OpenAI is facing renewed scrutiny after independent benchmark results for its o3 model fell well below initial claims, raising transparency concerns in the AI community.
When OpenAI unveiled o3 in December, it reported that the model could solve over 25% of questions in the FrontierMath benchmark — far surpassing other models, which scored under 2%. However, new independent testing by Epoch AI found o3’s score closer to 10%, sparking debate over how OpenAI evaluates and presents its models.
Epoch noted differences in testing methodology, including computational resources and versions of the benchmark, which may explain the gap. OpenAI’s internal tests used a more powerful, unreleased version of o3, while the public version, launched last week, is tuned for speed and usability, according to OpenAI staff.

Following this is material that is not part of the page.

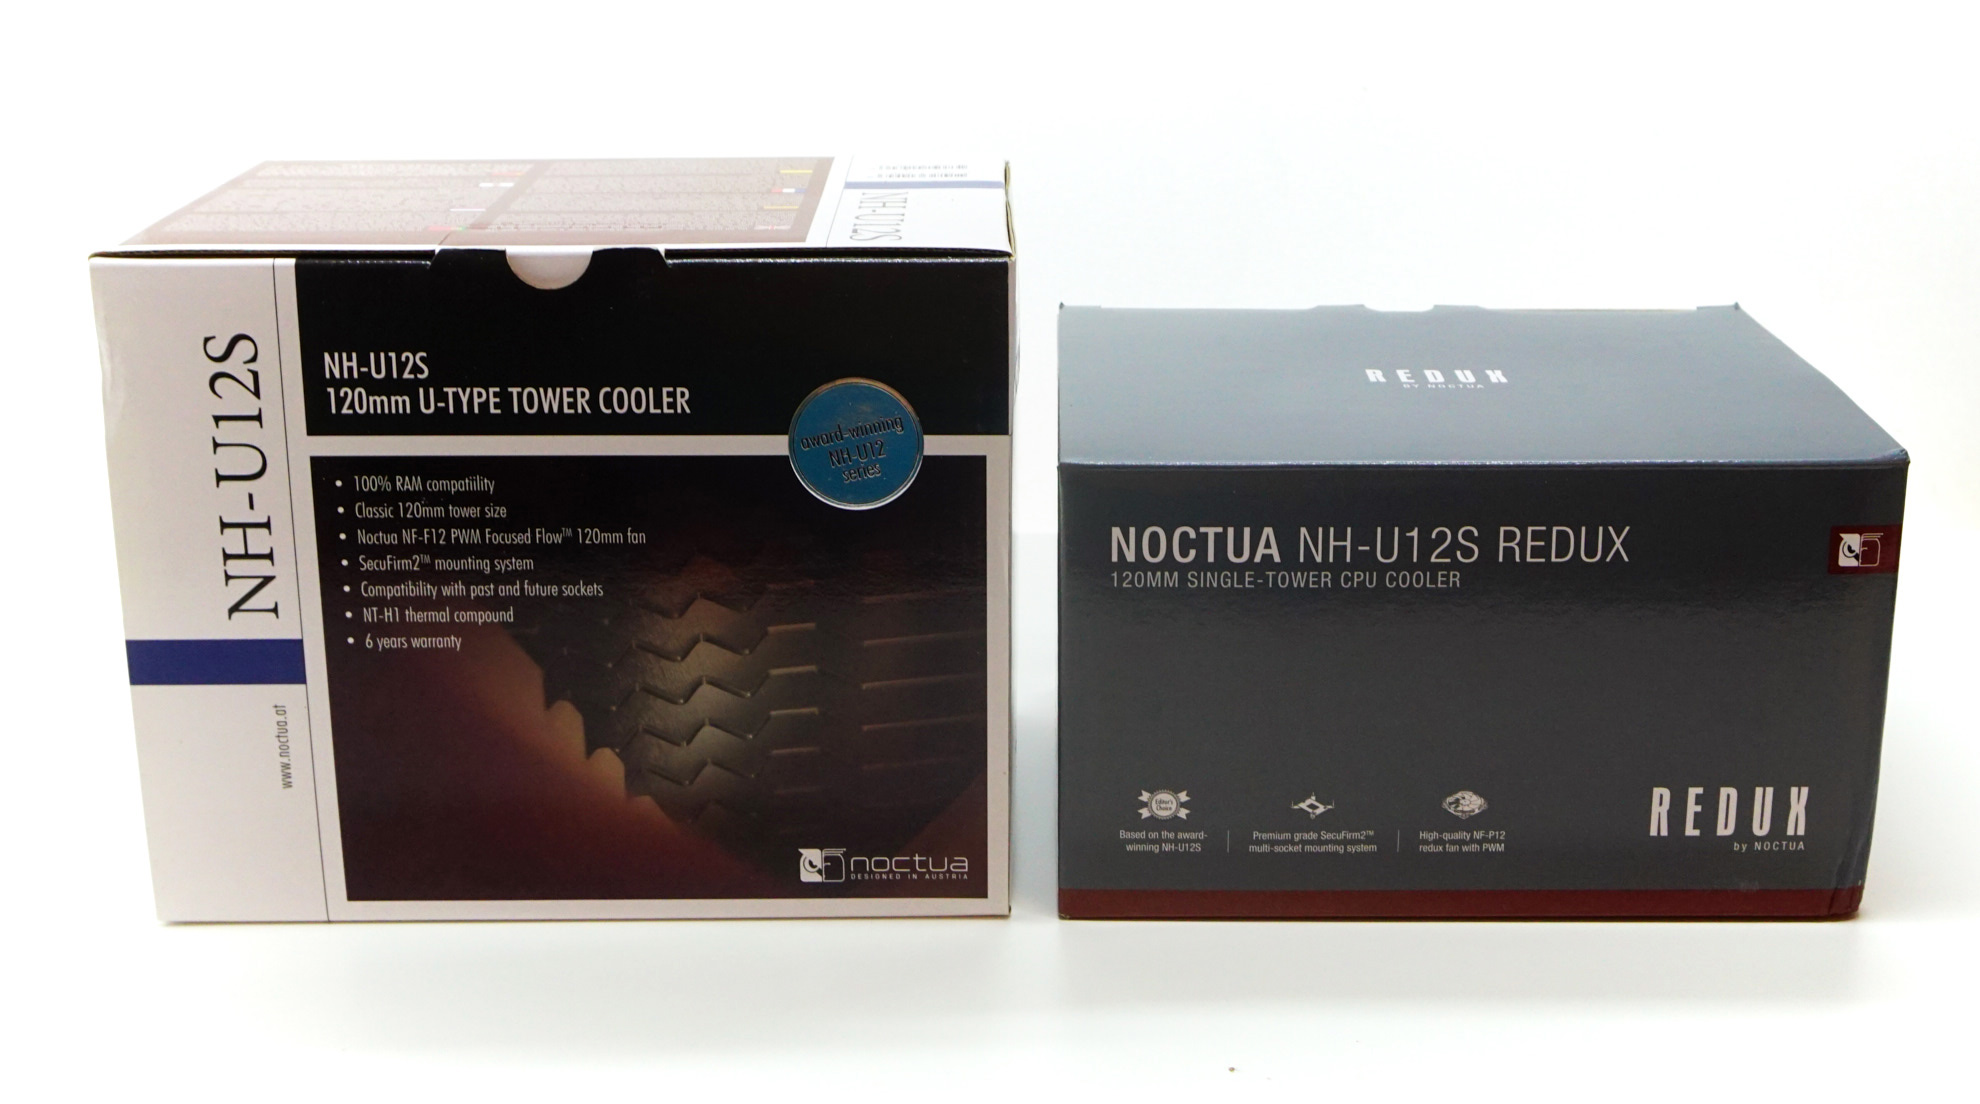 Review: Noctua NH-U12S redux - Cooling 
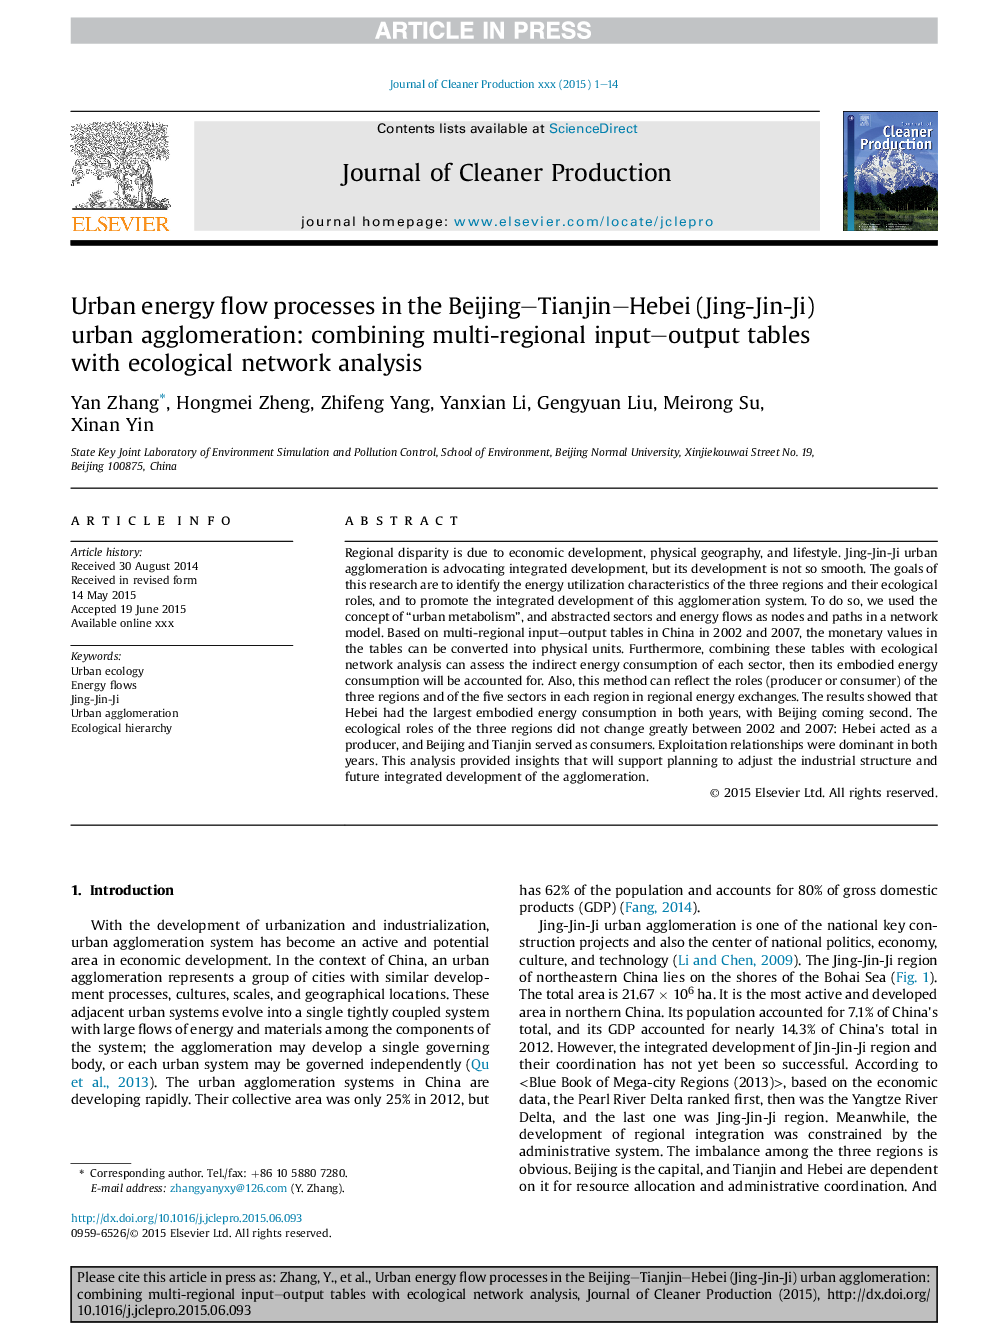 فرایندهای جریان انرژی شهری در تجمعات شهری پکن-تیانجین-هبی (جینگ جین جی): ترکیب جدول های ورودی-خروجی چند منطقه ای با تجزیه و تحلیل شبکه های اکولوژیکی

The ARC Prize Foundation, which tested an earlier version of o3, confirmed that the public release differs significantly from the internal variant, supporting claims that compute tiers influence performance.
Despite the shortfall, OpenAI’s newer models — including o3-mini-high and o4-mini — outperform o3 on the same benchmark, with o3-pro expected soon. Still, the incident adds to growing skepticism around AI benchmarking, where companies often set the narrative with limited transparency.
Benchmark controversy isn’t new. Earlier this year, Epoch was criticized for delaying disclosure of OpenAI funding behind FrontierMath, which many academic contributors were unaware of.
The lesson: AI benchmarks are useful — but best taken with a grain of salt.